The 135nb ssDNA template used for amplification corresponds to the nucleotides 15 418-15 554 of the SARS-CoV-2 genome (Wuhan-Hu-1 /NCBI reference: NC_045512.2), the ORF1 region (135nb DNA template, 5′-GCTCAAGTATTGAGTG-AAATGGTCATGTGTGGCGGTTCACTATATGTTAAACCAGGTGGAACCTCATCAGGAGATGCCACAACTGCTTATGCTAATAGTGTTTTTAACATTTGTCAAGCTGTCACGGCCAATGTT-3′). The designed primer set amplifies the following 105nb DNA sequence (5′- GTGGCGGTTCACTATATGTTAAACCAGGTGGAACCTCATCAGGAGATGCCACAACTGCTTATGCTAATAGTGTTTTTAACATTTGTCAAGCTGTCACGGCCAATG-3′).

Additional details are provided in Supporting Information Section 8.1.

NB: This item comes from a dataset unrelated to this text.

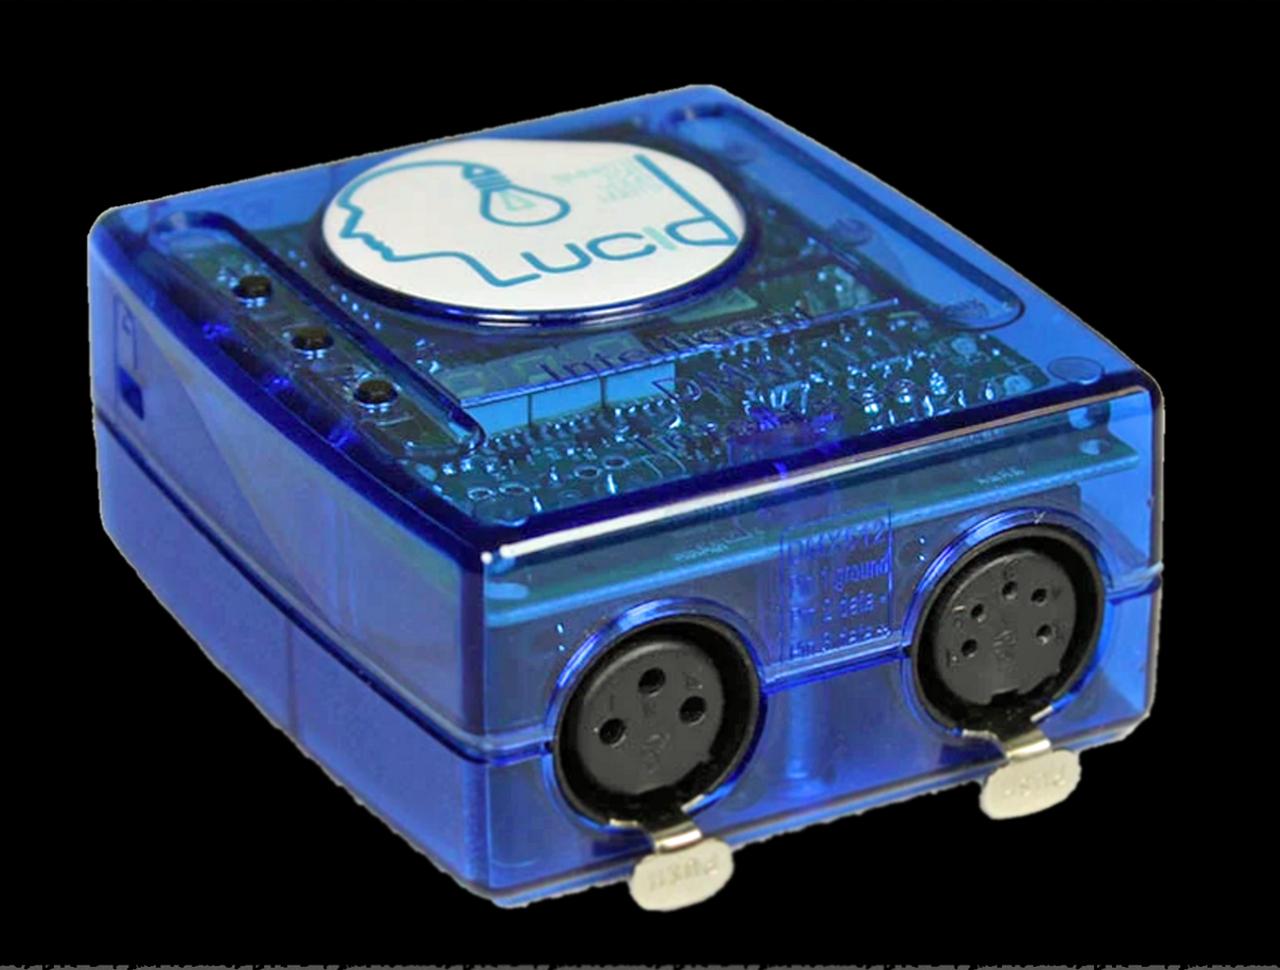 Blizzard Lighting Lucid 180 IQ DMX / Software + USB-DMX Interface

Invasion Studies of the Purified 105 bp dsDNA Amplicon

Unless otherwise specified, invasion reactions were carried out in PCR tubes in 40 to 100 μL total volume: 150 nM purified 105nb dsDNA PCR amplicon, PNA concentration indicated by the [PNA]/[DNA] ratio and 1× buffer (LS or PS). Samples were incubated at the indicated temperature (37, 50, 60, 95 °C). For annealing conditions, samples were heated at 95 °C for 5 min before cooling down to the indicated temperature. Aliquots were taken at the indicated times and either analyzed directly by gel or snap-frozen until analysis. PNAs were used from 5–10 μM stocks and buffers prepared at 10×: low-salt buffer (LS - 20 mM Tris, pH 7.5, 0,02% Tween-20, final concentration); simulated physiological salt buffer (PS - 20 mM Tris, pH 7.5 containing KCl: 140 mM; NaCl 20 mM; CaCl2: 0.1 mM; MgSO4: 1 mM; 0,02% Tween-20, final concentration). The formation of the desired PNA–DNA invasion complex was followed by gel analysis with 15% Native-PAGE at 4 °C and 20 V/cm. The DNA was visualized by SYBR Gold Nucleic acid staining. Invasion quantification was performed by integration of the band signal using ImageJ.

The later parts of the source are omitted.